While profit margins among some electronics retailers are down due to intense competition, the business is holding up much better than expected. “Lots of people said the housing market would kill the economy,” Mr. DuBravac said. “That hasn’t happened. The consumer seems really healthy going into 2007.”

From hospitals to hotels, spending on services is growing. “This year has been a better year than last year,” said Anne Trevett, the innkeeper at Blackbeard’s Lodge in Ocracoke, a coastal island of North Carolina. “The only down times we have are due to bad weather.”

Even as the housing downturn has curtailed the ability of Americans to borrow, spending is being supported by jobs and wage growth. Employers are adding about 150,000 jobs each month, according to the government’s survey of businesses. As oil prices have declined, real wages have rebounded. Real disposable personal income has grown by 0.5 percent a month, on average, over the last three months.

Businesses are investing heavily, too. Nonresidential investment grew 10 percent in the third quarter, almost compensating for the 19 percent decline in nonresidential investment. “Outside of the housing and motor vehicle sectors,” said the Fed chairman, Ben S. Bernanke, in a speech late last month, “economic activity has, on balance, been expanding at a solid pace.”

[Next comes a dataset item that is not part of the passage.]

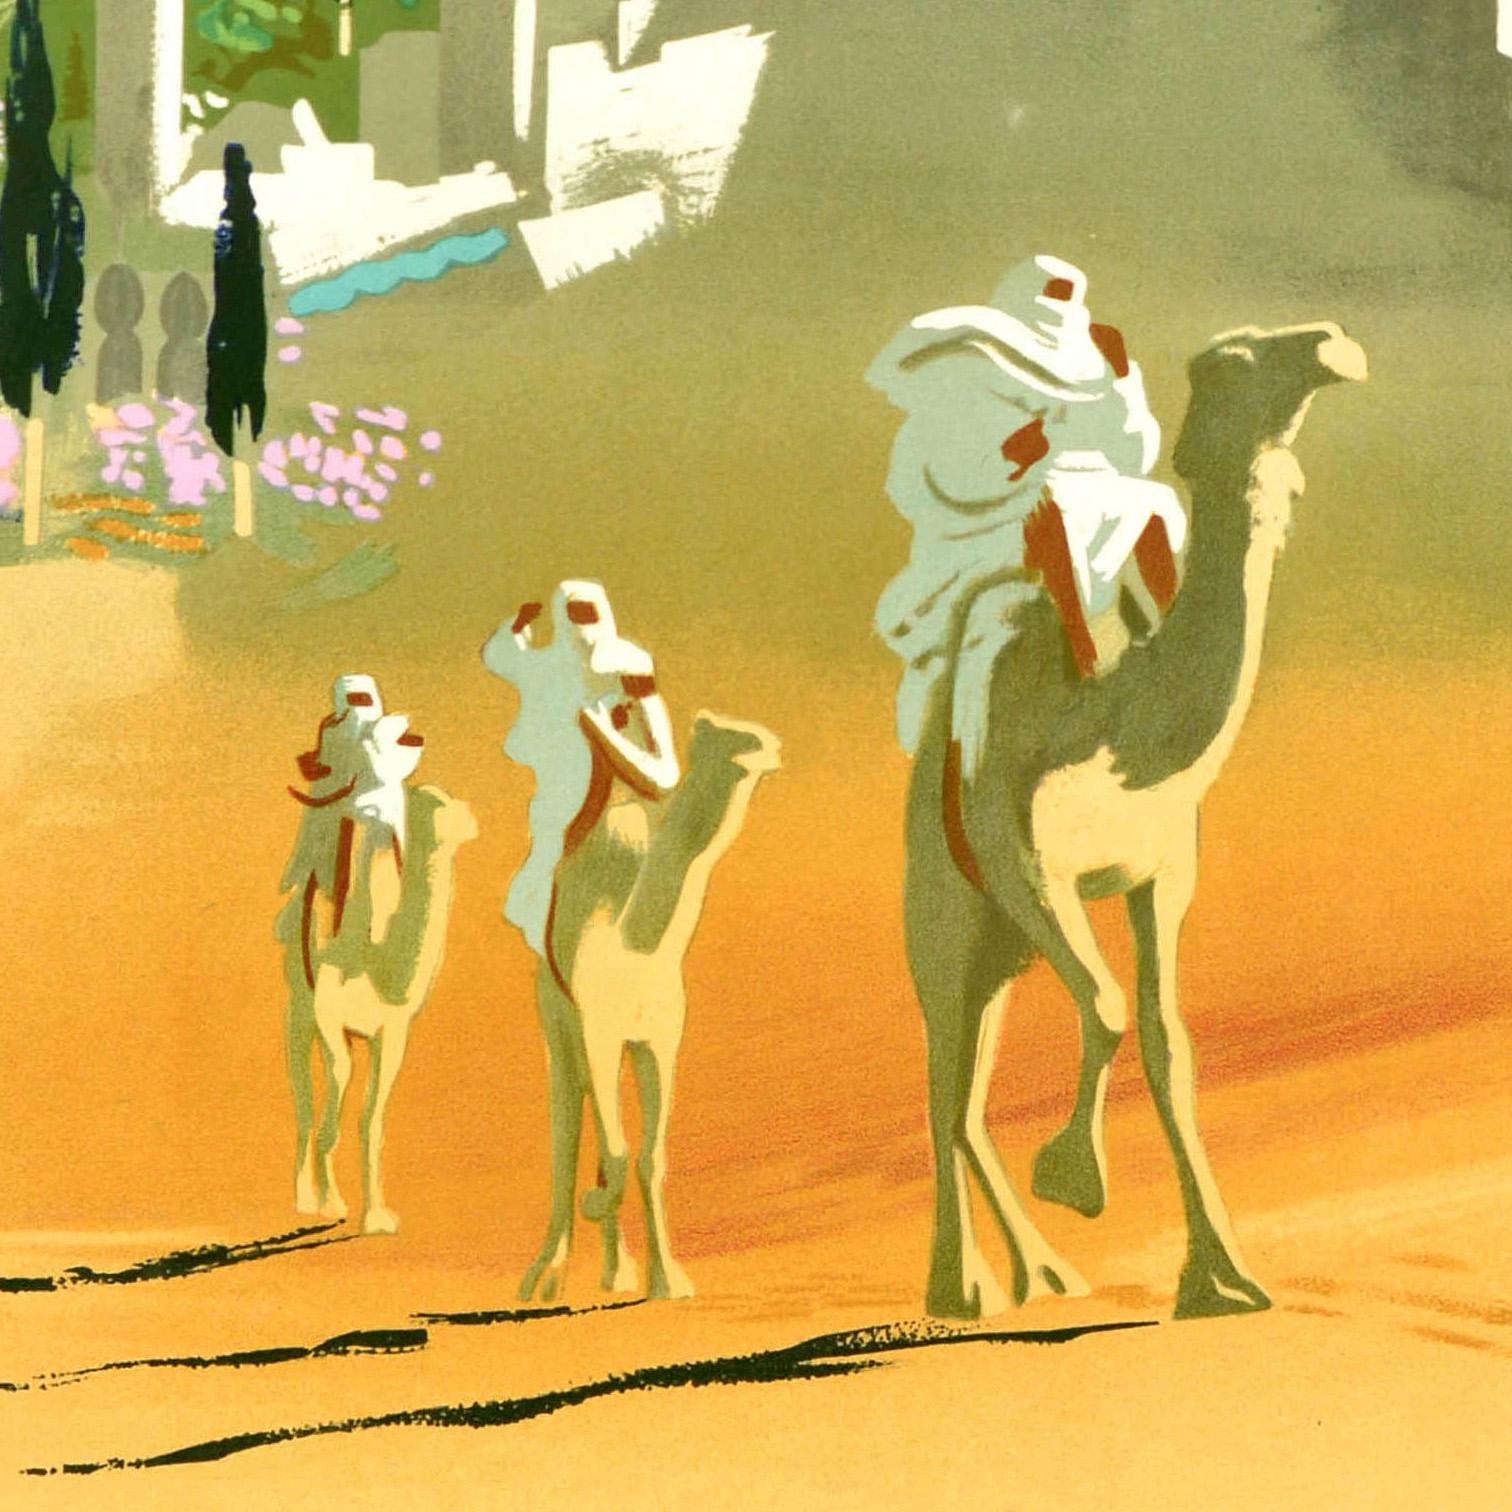 Affiche de voyage originale pour le Moyen-Orient / Proche Orient Air France (Near East) comportant une illustration colorée de l'artiste français Jean Even (1910-1986) représentant des personnes vêtues de blanc à dos de chameau gravissant une
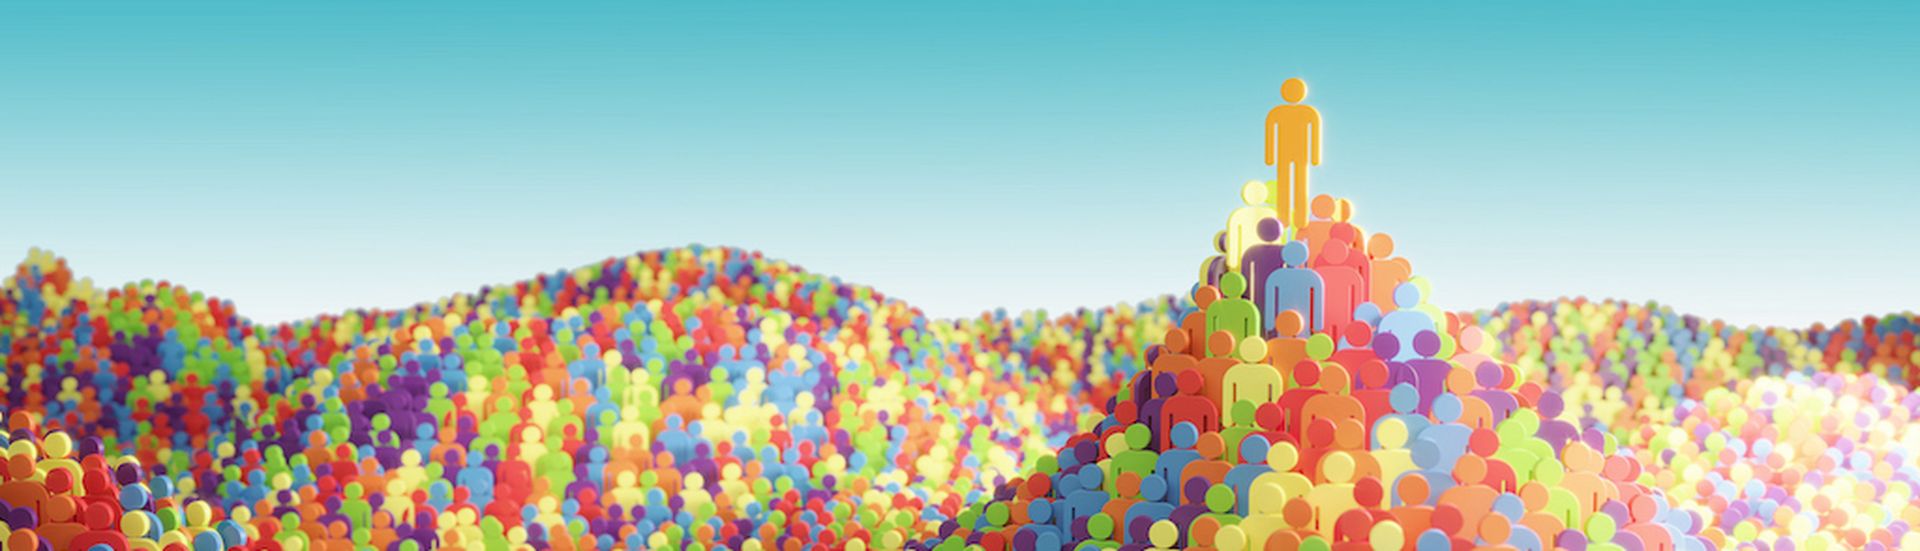 Multicolored people figures, symbolizing variation, equality, togetherness concept. (3d render)

There is one crucial weakness to all the forecasts, however. Part way through the bust of perhaps the strongest housing boom on record, the American economy is in uncharted territory.

Nobody has ever seen how a situation like this unwinds.

Allen Sinai, president and chief global economist at Decision Economics, observed that past housing-induced recessions were characterized by rising interest rates and tight credit, conditions that do not apply in these days of still cheap, easy money.

Some economists have drawn parallels to 2000 — when the Federal Reserve spun on a dime and started slashing interest rates only weeks after warning about inflationary risks. But the slump in 2000 came about because highly leveraged businesses, shocked by the end of the tech boom and the drying up of new orders, essentially stopped hiring and investing. Today, corporate balance sheets are in very good shape.

Still, there are enough uncertainties to warrant talk of a recession.

Mr. Sinai estimated that, over time, consumers ended up spending 40 cents out of every dollar in equity they extracted from their homes as house prices went up. They spent 28 percent of the capital gains they made when they sold their homes, and 3 percent of their increase in overall wealth.

“If housing is as unhelpful on the way down as it was helpful on the way up, we will get a recession,” Mr. Sinai said.

But at McCarthy, Mr. Bolen has other worries. “Our suppliers and vendors and subcontractors have been working so hard for so long they are going to get tired,” he said.